The Mirror 
Mirror Film

Novel amusement

>> Stranger Than Fiction is a clever,
Kaufman-esque comedy

 

by MALCOLM FRASER

Director Marc Forster continues his odd career (Monster’s Ball, Finding Neverland, Stay) with this clever comedy. Harold Crick (Will Ferrell) is an IRS auditor with seemingly no interests besides an OCD-like tendency to catalogue and count his everyday activities. One day, he begins to hear an English woman’s voice in his head, describing just these activities. This is annoying enough as it is, until the voice mentions his upcoming death. Ferrell then embarks on a quest to find out just who the mysterious narrator is, meanwhile getting romantically involved with his audit victim Ana (Maggie Gyllenhaal), a leftist pastry chef.

The voice, as we’ve already found out, belongs to novelist Kay Eiffel (Emma Thompson), who’s writing Harold as a character in a book she’s been trying to finish for years. Her publisher dispatches no-nonsense assistant Penny (Queen Latifah) to help get the novel completed, making it timely for Ferrell to intervene and prevent his own demise.

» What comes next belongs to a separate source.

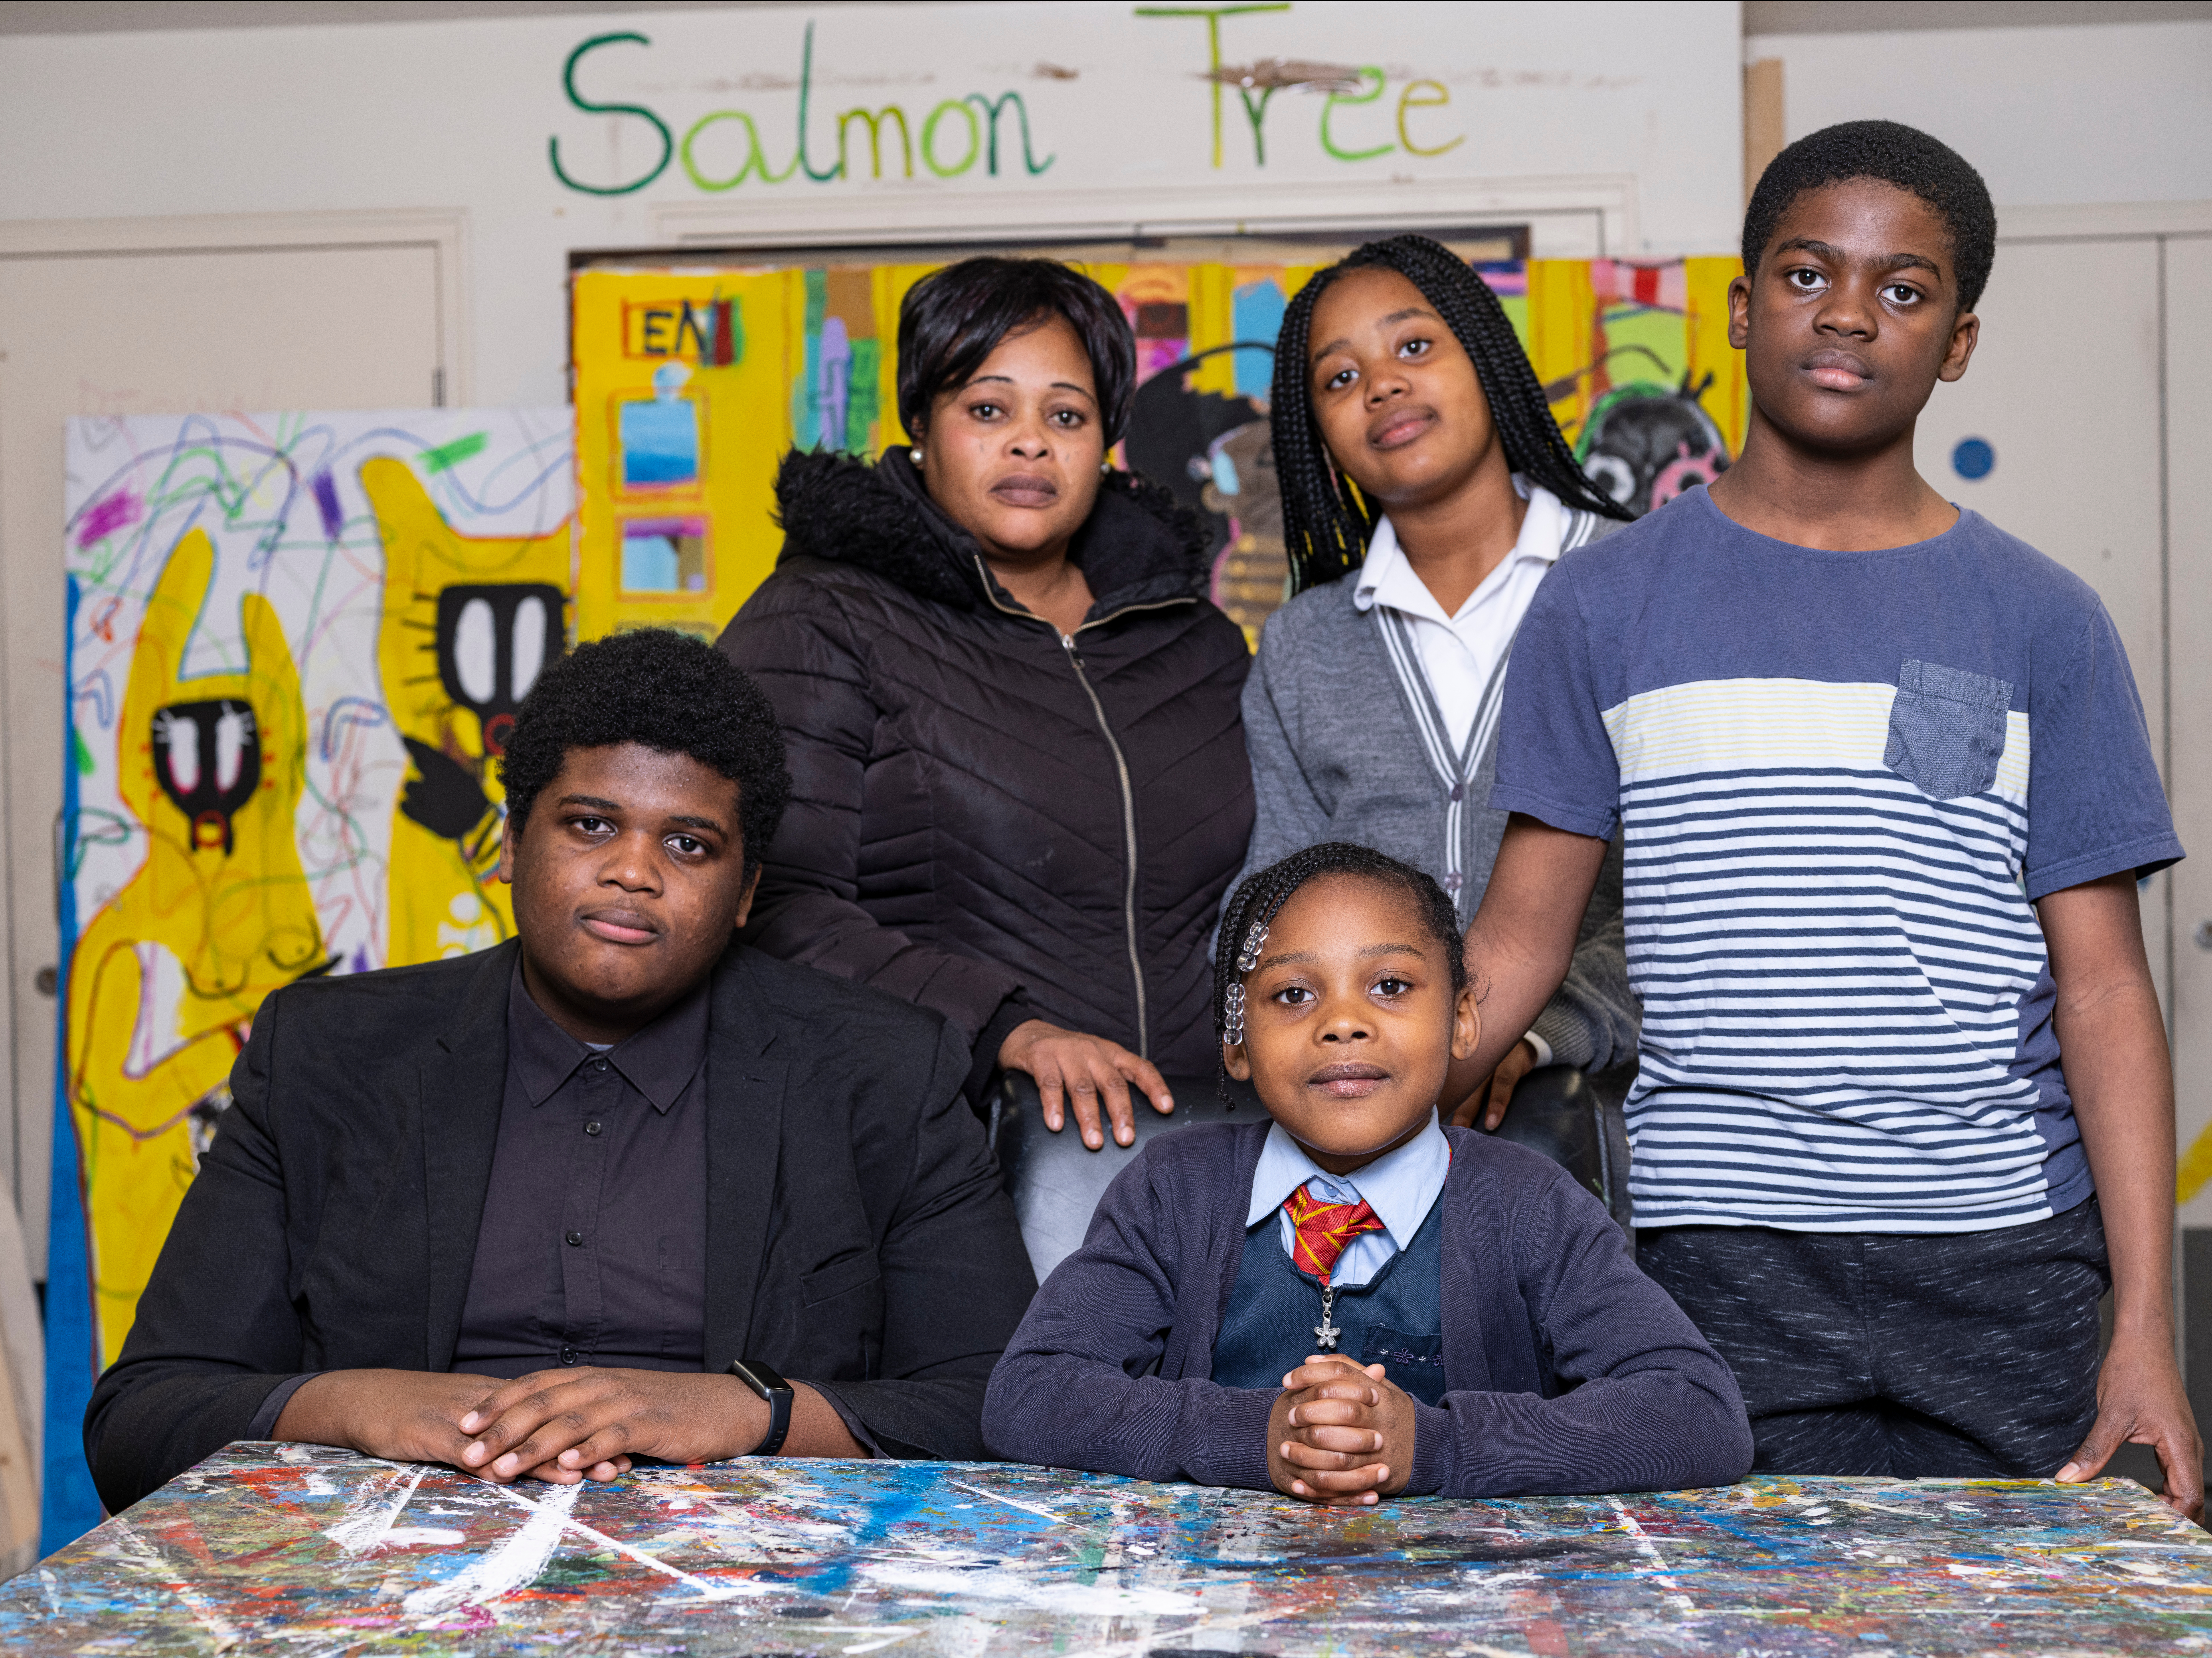 <p>Glory Uhunarabona and her four children are pictured at the Salmon Youth Centre</p>

The cast is uniformly strong. Ferrell, who’s been indulging his goofy side lately, reminds us here that he can also play a sympathetically human character. Gyllenhaal is sweet and spirited as Ana (plus there’s the small pleasure of hearing someone spout left-wing rhetoric in a Hollywood comedy). Thompson is compelling in the role of the neurotic writer, which could easily have been a caricature. And Dustin Hoffman turns up in a small but great role as a literature prof who helps Ferrell try to solve his mystery.

The astute observer will have detected a strong whiff of Charlie Kaufman in the story concept. The script, by newcomer Zach Helm, poaches liberally from Kaufman’s strongest work: the parallel-universe notion of Being John Malkovich and the metafictional vibe of Adaptation are obviously present, and the genuinely bittersweetness of Eternal Sunshine of the Spotless Mind is echoed in the romance between Ferrell and Gyllenhaal.

It’s not quite as cerebral or daring as Kaufman, and despite the literary pretensions, Thompson’s voice-over prose flows more like a TV commercial than a novel: ultimately, Helm and Forster can’t quite bring themselves to break out of Hollywood convention. It might have been a braver film if they had, but it’s still refreshingly smart, unpredictable and enjoyable.